- DATA BELOW

········

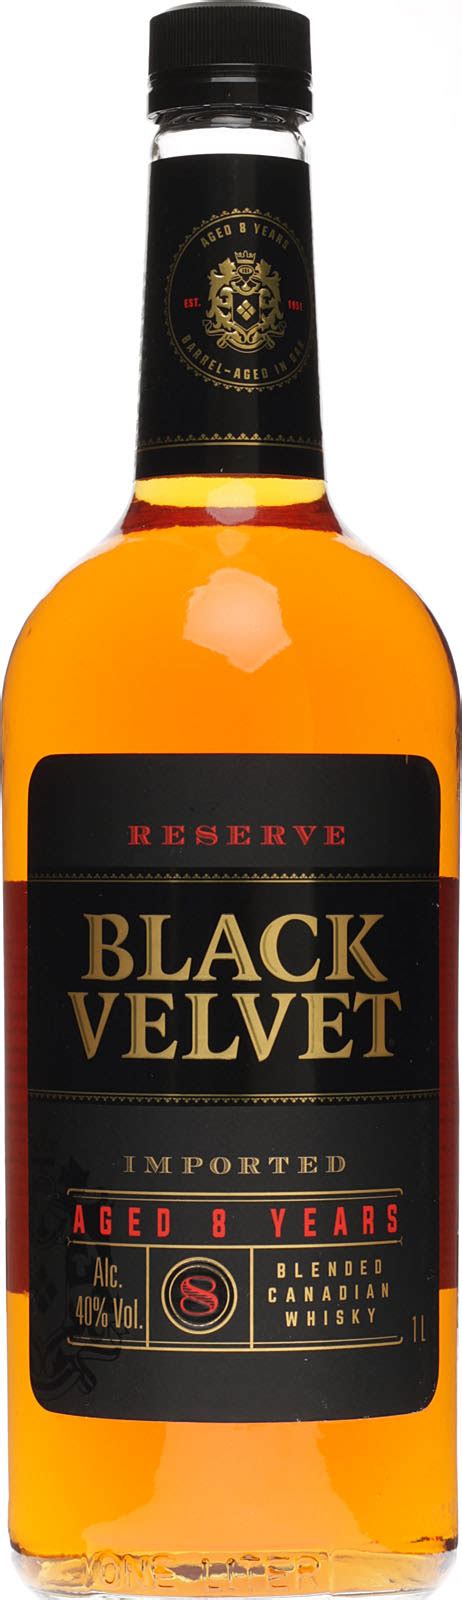 Black Velvet Reserve Blended Canadian Whisky 8 Jahre
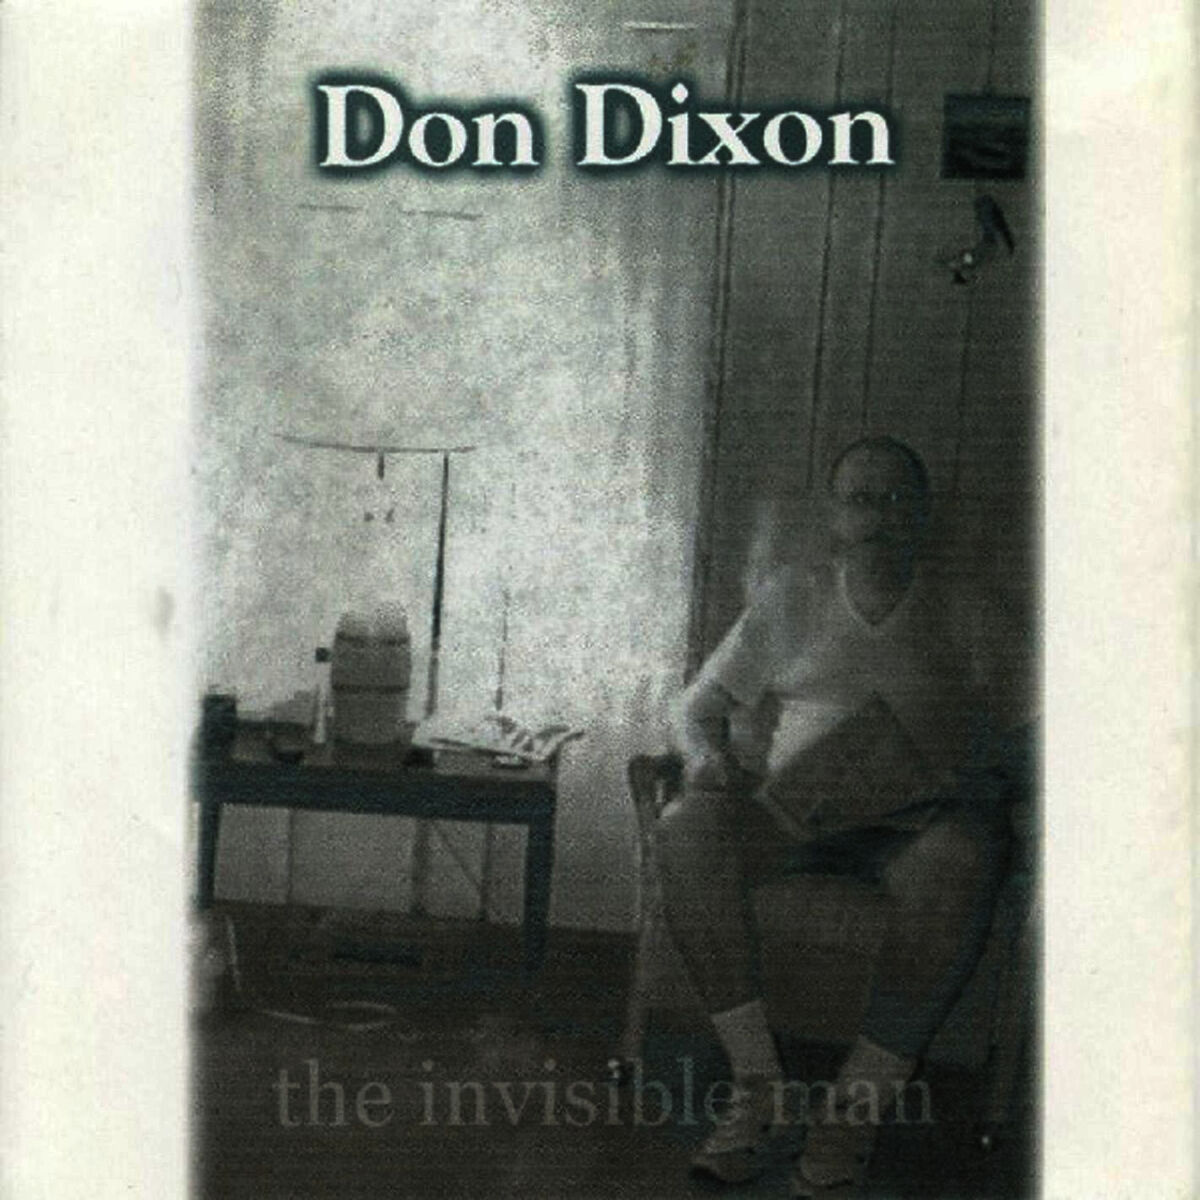 Don Dixon: albums
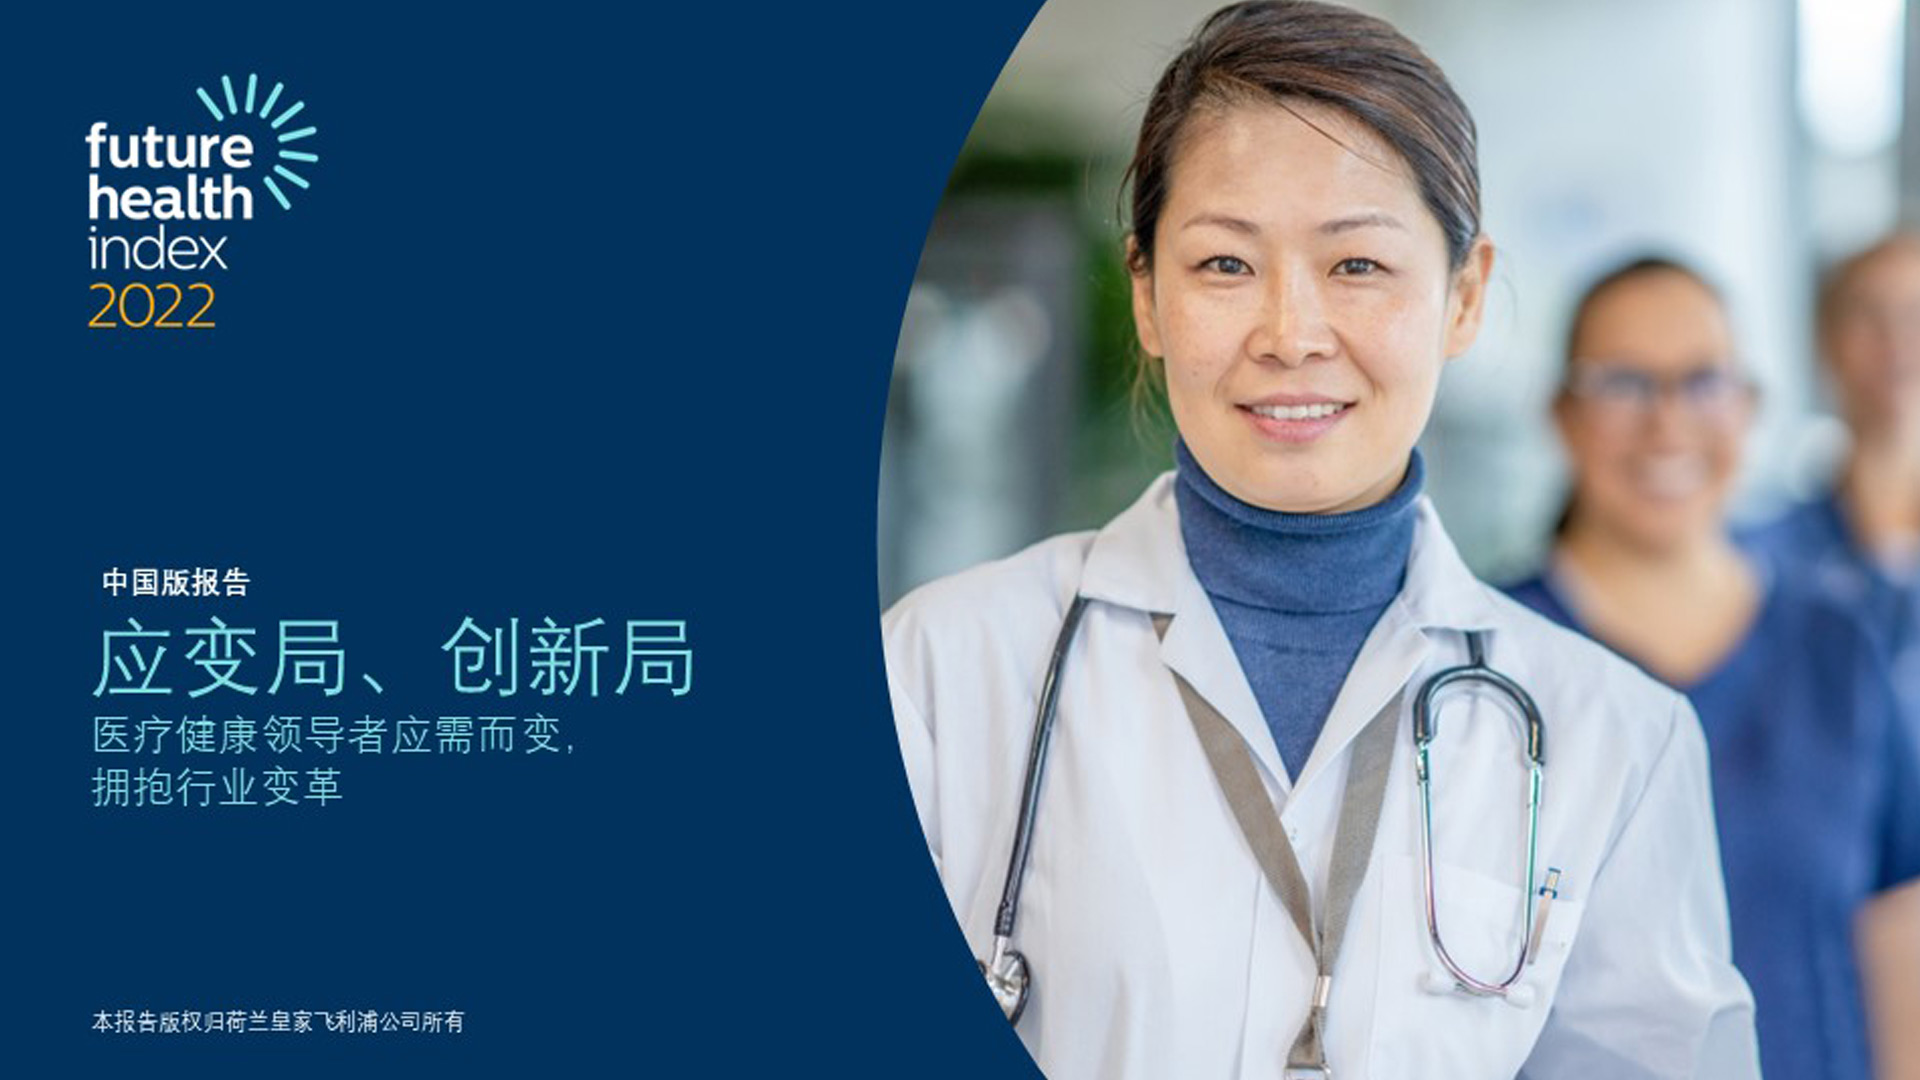 飞利浦发布中国版2022年未来健康指数报告
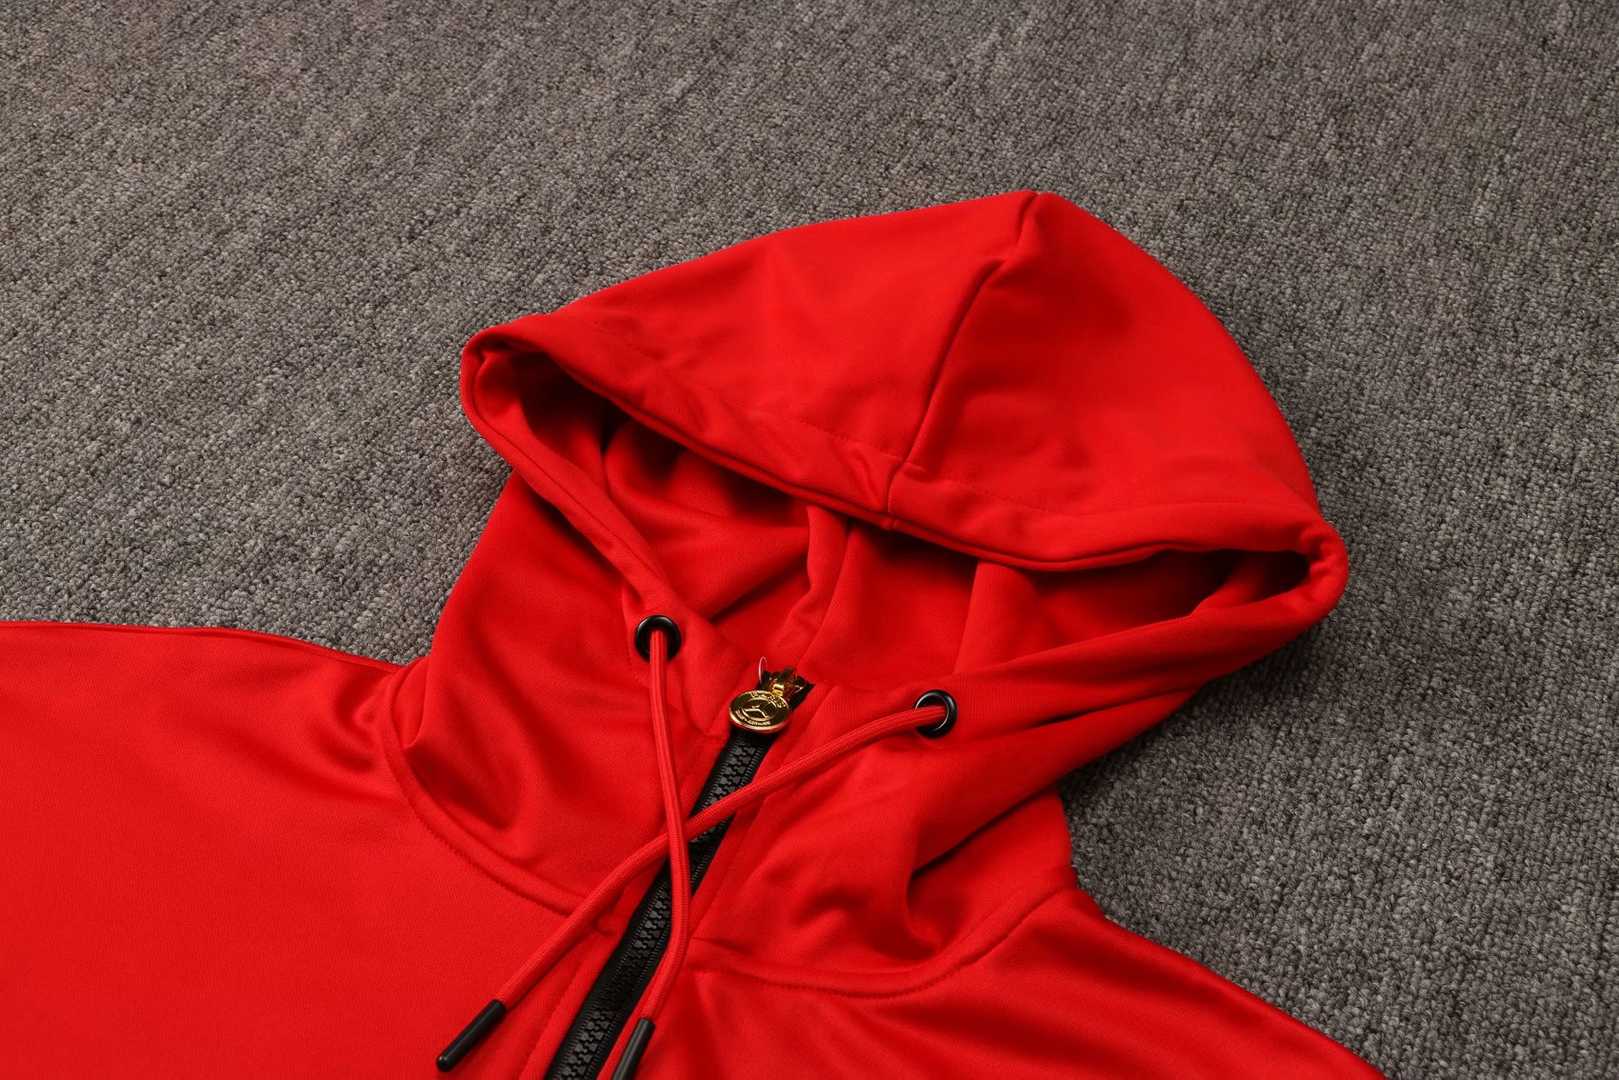 21/22 PSG x Jordan Hoodie Red Soccer Training Suit (Jacket + Pants) Men's

········

- REQUIREMENT
Leave the pictures out and set down the rest of the listing above exactly.

- ANSWER AREA
 Black Velvet Reserve Blended Canadian Whisky 8 Jahre
 Don Dixon: albums
 飞利浦发布中国版2022年未来健康指数报告
 21/22 PSG x Jordan Hoodie Red Soccer Training Suit (Jacket + Pants) Men's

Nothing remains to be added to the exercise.